Frieda Margaretha (Schuerman) Loy, daughter of Johann Georg Heinrich and Karoline Dorotte Schuerman, was born April 12, 1898, at Oak Creek Ranch near present-day Sedona, Coconino and Yavapai Counties, Arizona Territory.  Frieda’s parents were German immigrants who had limited English-speaking abilities.

She attended grade school on the ranch where she was born.  The school had been started by her father for all the children from the surrounding areas.  Frieda then went to Prescott, Yavapai County, where she stayed with Mrs. William Lloyd to attend High School.  After the first year, she had to return home because World War I had taken all the men to war, and there was no one left to help her father and mother on the ranch.

After the war, Frieda married Myron Samuel Loy (1893-1972), a rancher and farmer from Oak Creek, Yavapai County, on December 2, 1924, in Prescott.  Myron and Frieda had two children: Sherman Adelbert Loy (b. August 5, 1926), and Martha Joan Loy (b. June 19, 1932 in Cornville, Yavapai County).
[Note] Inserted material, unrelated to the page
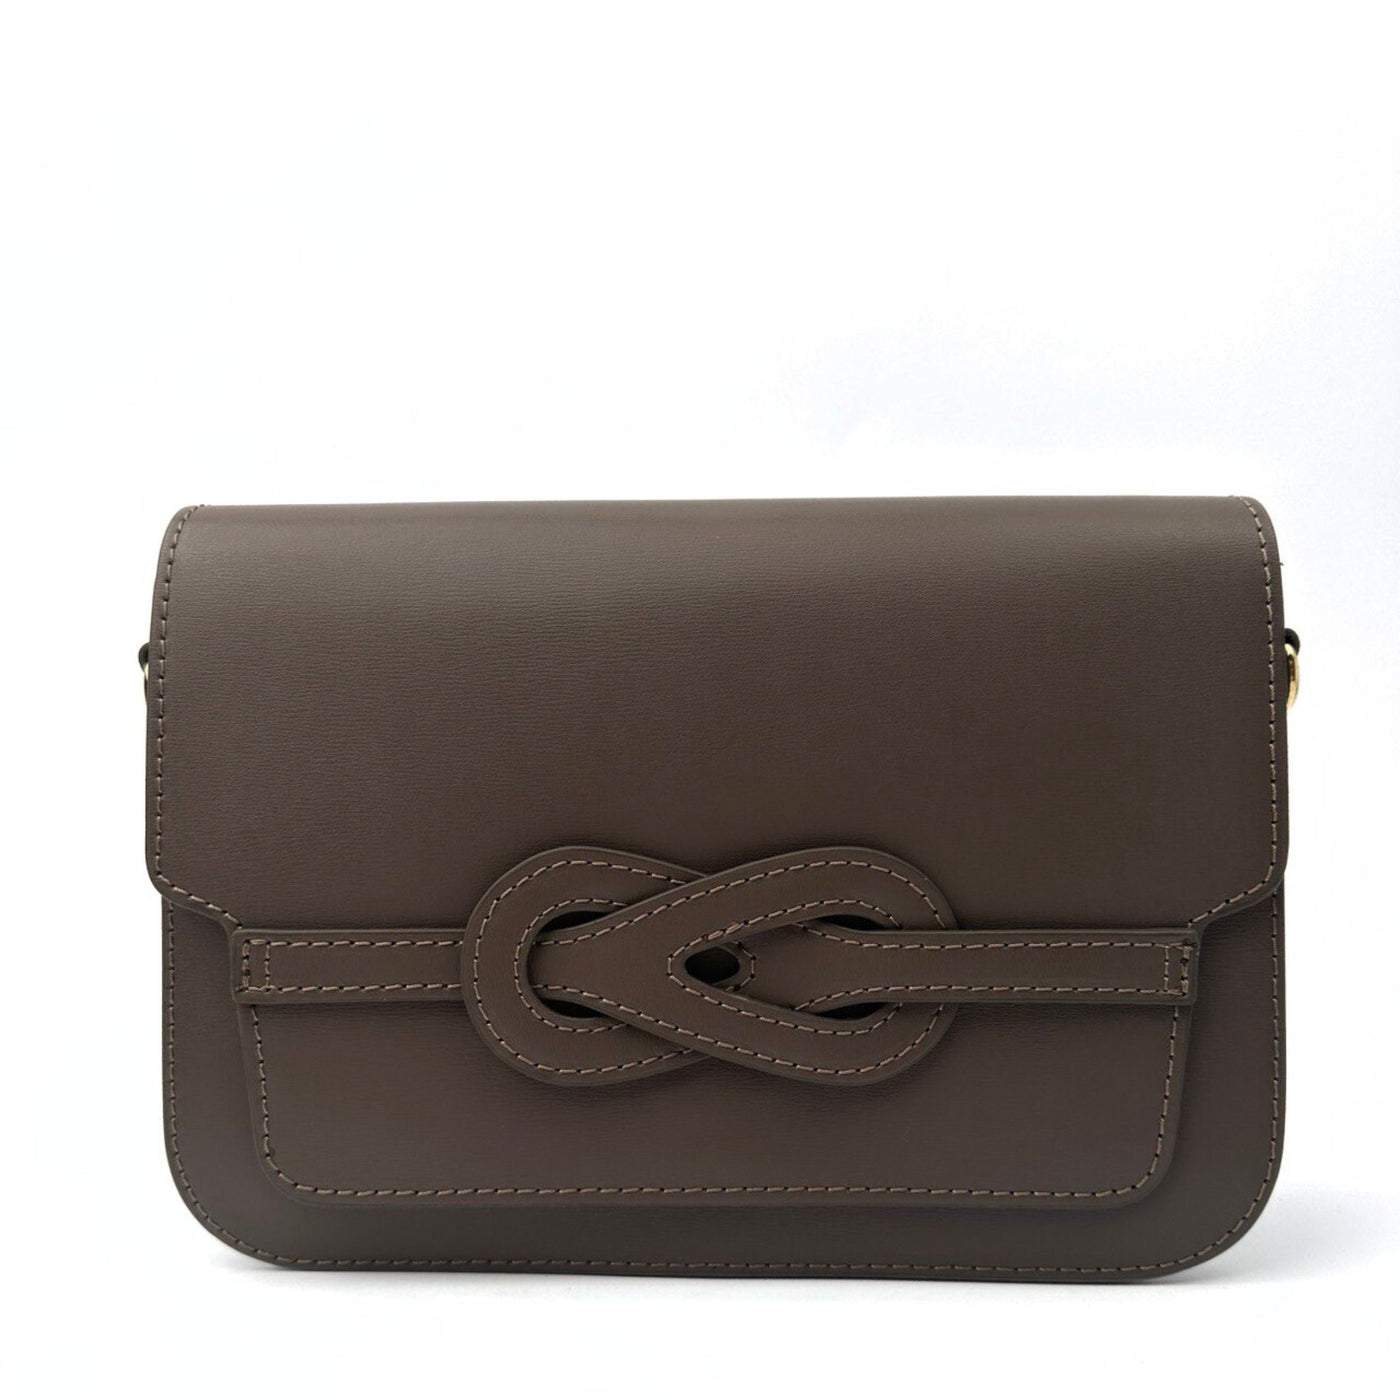 Leather bag "Naples", Taupe
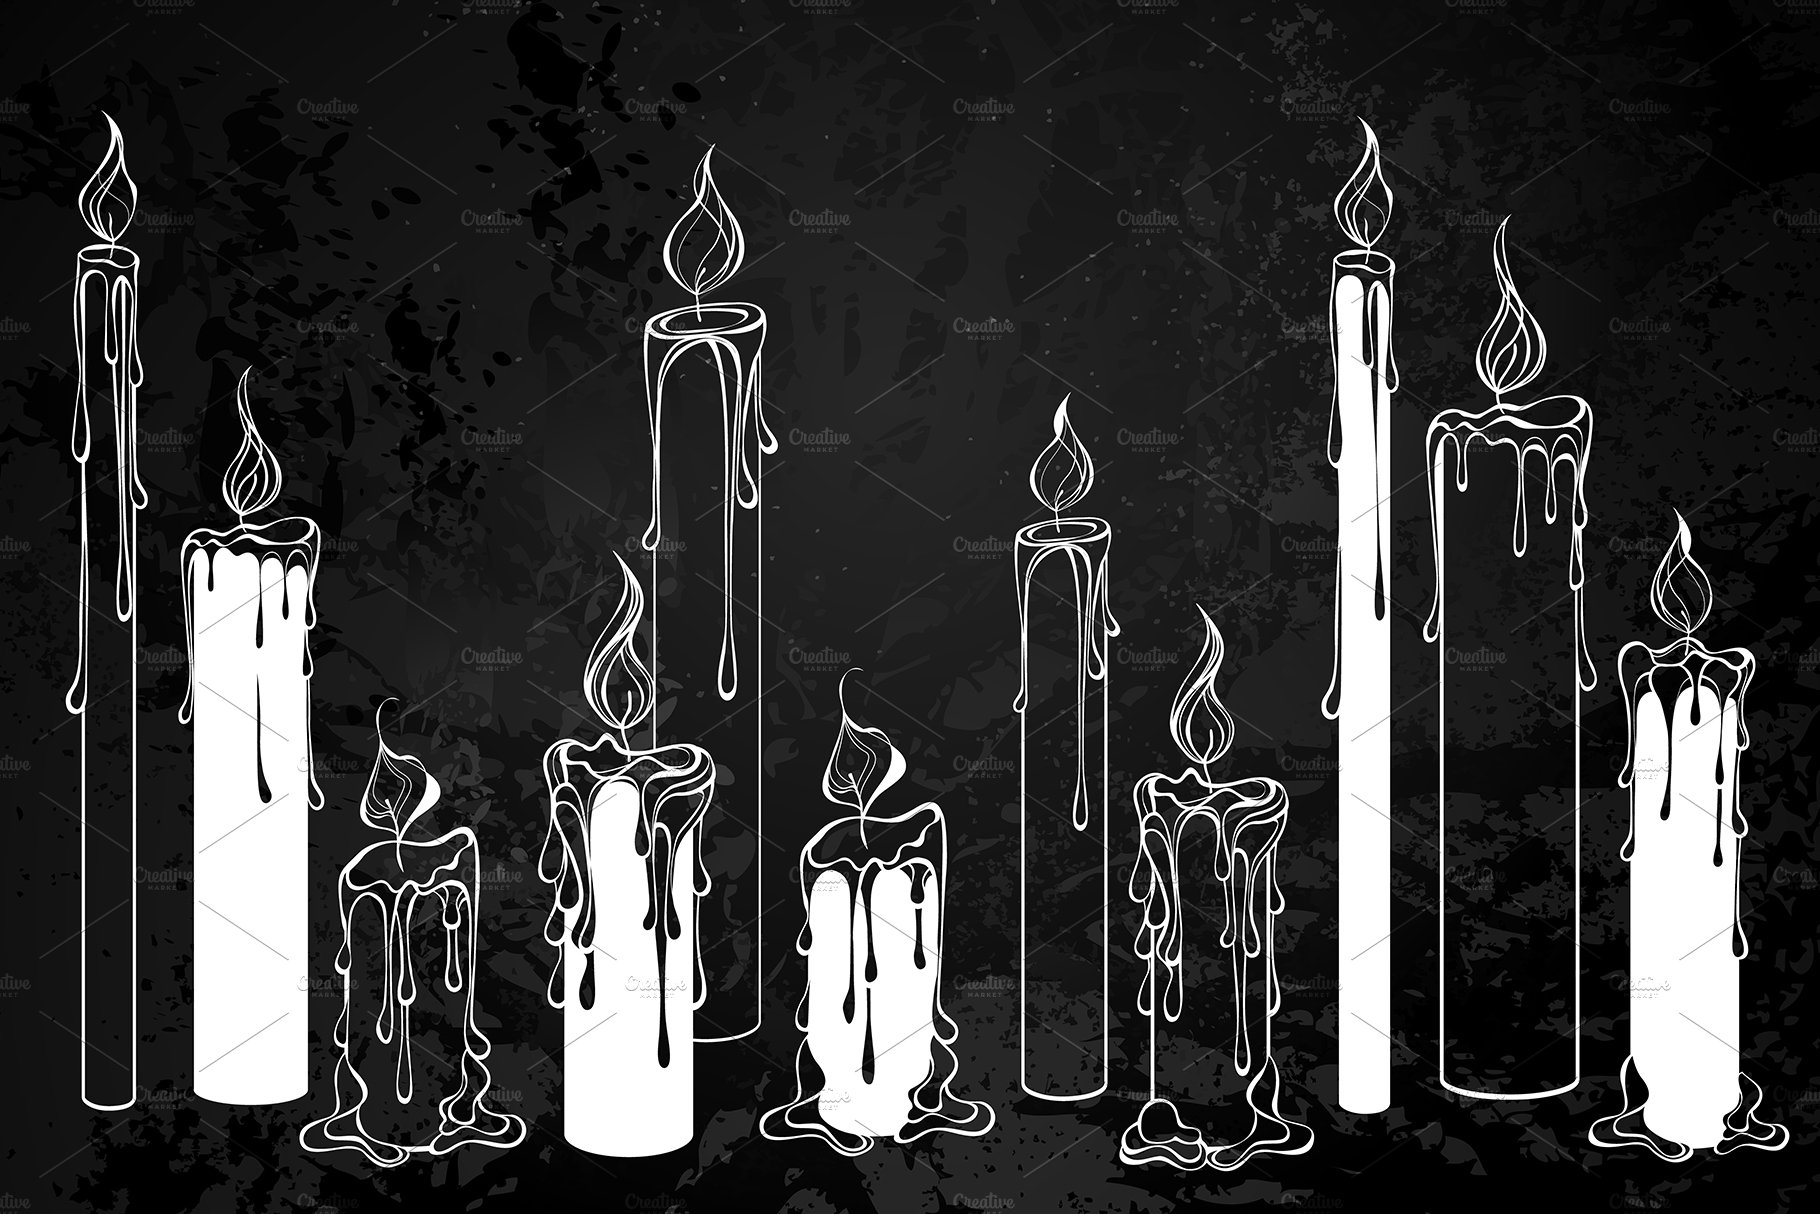 White Candles cover image.

The Loys lived on the homesteaded property Frieda had inherited from her father in the same house her father had built.  During those years as wife and mother, Frieda was active with the happenings in the neighborhood.  On occasion a “box supper” and dance would be held at the Red Rock School House.  She would play the piano for those happy get-togethers.

Frieda was an over-fifty-year member of the Eastern Star, which had started in Jerome, Yavapai County.  Her brother Frederick Henry Schuerman (1893-1967) was a member of the Cottonwood Masonic Lodge.  In later years, she became an active member in the Homemakers Club, serving as president of that group several times.  She was an excellent seamstress and did sewing and alterations for other people.

As long as her daughter Martha could remember, Frieda was interested in art.  At about age fifty, she took art lessons which she enjoyed very much.  Many relatives and friends were proud owners of her paintings.  An article and picture of Frieda, standing with a painting in hand by the old house in the red rocks where she had lived her entire life, was published in Grit Magazine.

Frieda died on December 31, 1983, on the family ranch and was buried beside her husband in the Cottonwood Cemetery, Yavapai County.